Es ist nur eine Frage der Zeit, bis die Notenbanken ihre Interventionen zugunsten des Yen oder zugunsten des Dollar aufgeben muessen, weil sie ihr Pulver verschossen haben. Eine schwankende Mittellage wird sich nicht aufrechterhalten lassen. Egal, in welche Richtung das
pazifische Gesamtkunstwerk abstuerzt, ob als Einbruch des Dollar oder des Yen, in beiden Faellen muss die bis vor kurzem noch sprudelnde Liquiditaets-Pumpe versiegen. Dann wird der lange Zeit vermeintlich unerschoepfliche Ueberschuss an globaler Liquiditaet in eine globale
"Kreditklemme" umschlagen, wie es sich in den letzten Monaten bereits abzeichnet.
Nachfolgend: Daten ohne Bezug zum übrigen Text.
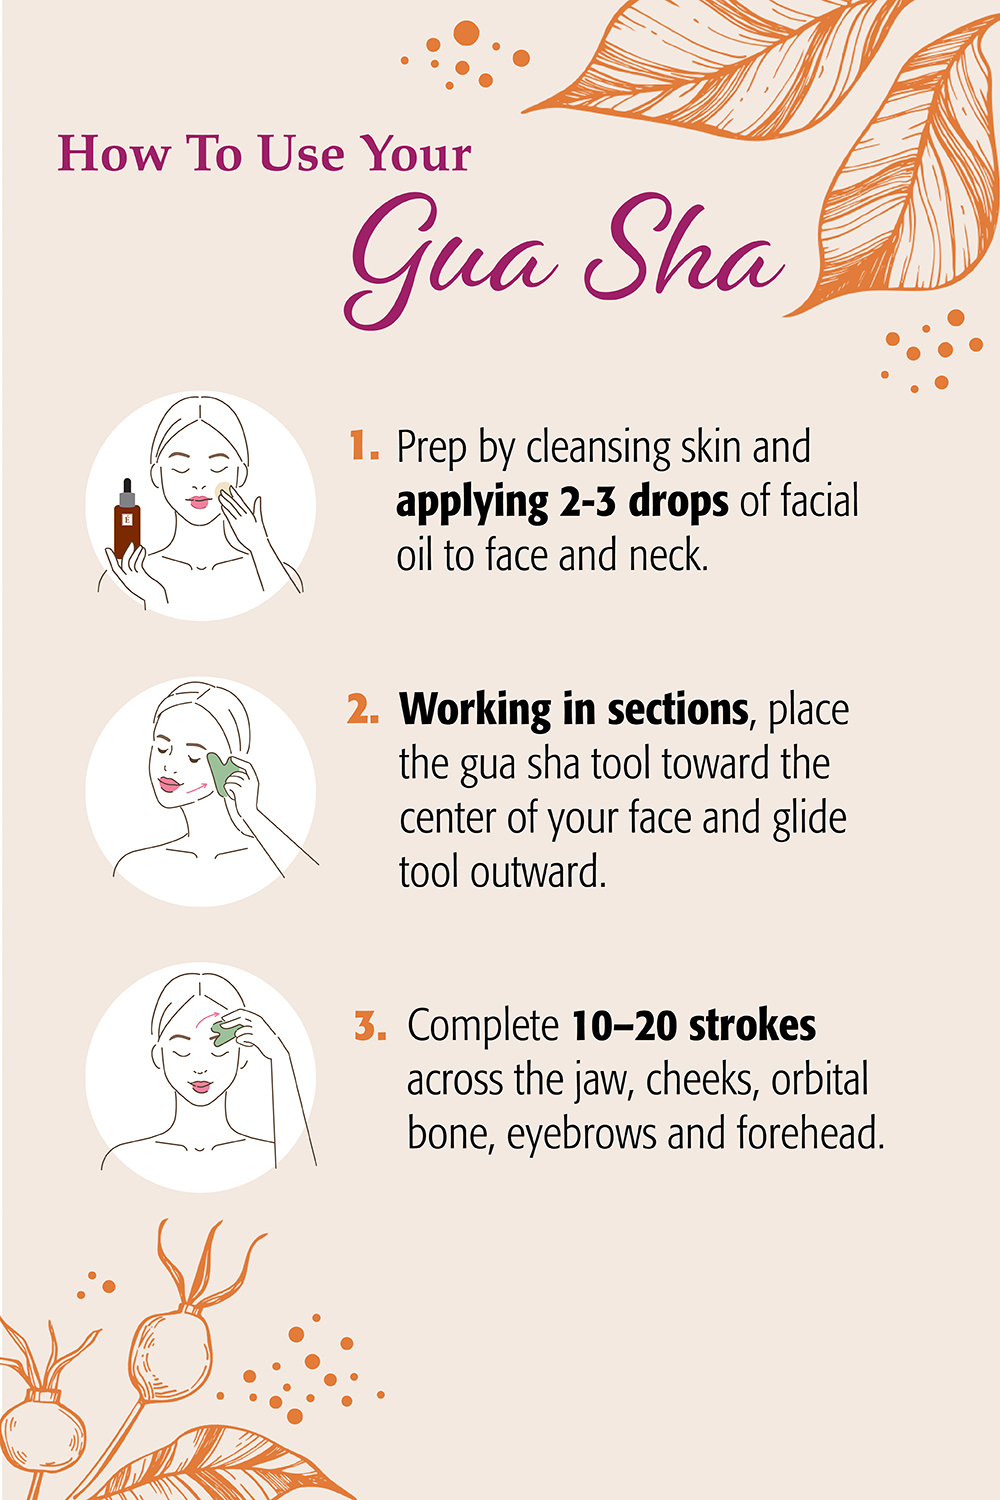 How to use your gua sha

Das waere der endgueltige Ausloeser fuer eine grosse Weltwirtschaftskrise, die das Desaster der Jahre von 1929-33 bei weitem uebertreffen wuerde.

Auch der IMF ist praktisch am Ende. Zeigte er sich schon mit der Krise der Tigerlaender ueberfordert, so kann er Japan oder gar den USA selber umso weniger helfen: Diese seit langem herangereifte Finanzkrise der groessten kasinokapitalistischen Akteure ist entschieden
eine Nummer zu gross. IMF-Chef Michel Camdessus hat schon vor einiger Zeit erstmals oeffentlich zugegeben, dass die Reserven erschoepft sind. Die beschlossene Aufstockung der SZR-Quoten um 45 Prozent waere kaum mehr als ein Tropfen auf den heissen Stein.

Waehrend Camdessus und seine Anhaenger die Krise weiter durch Notmassnahmen hinauszoegern wollen, werfen einflussreiche US-Oekonomen wie Martin Feldstein und der
beruechtigte Jeffrey Sachs dem IMF vor, nur den "moral hazard" der Fonds und Privatanleger zu beguenstigen, indem die Risiken der Entwertung aufgefangen werden. Im Klartext ist das ein Plaedoyer fuer den "Befreiungsschlag": Die finanzielle Feuerwehr soll aufgeben und den Brand gewaehren lassen, weil sowieso nichts mehr zu machen ist. Offenbar glauben einige
Hardliner so sehr an die formalen "Selbstheilungskraefte" des Marktes, dass sie den
Kapitalismus fuer faehig halten, aus einem Zusammenbruch des Weltwaehrungs- und Finanzsystems unter Hinterlassung eines sozialen Leichenberges als "Phoenix aus der Asche"
hervorzugehen. Dieser erbitterte Streit unter den frueher so geschlossen auftretenden neoliberalen Ideologen und Funktionaeren zeigt, wie explosiv die Lage bereits ist. Die kommenden Monate versprechen spannend zu werden. Aller Wahrscheinlichkeit nach werden wir bald den naechsten grossen Schub der globalen Finanzkrise erleben.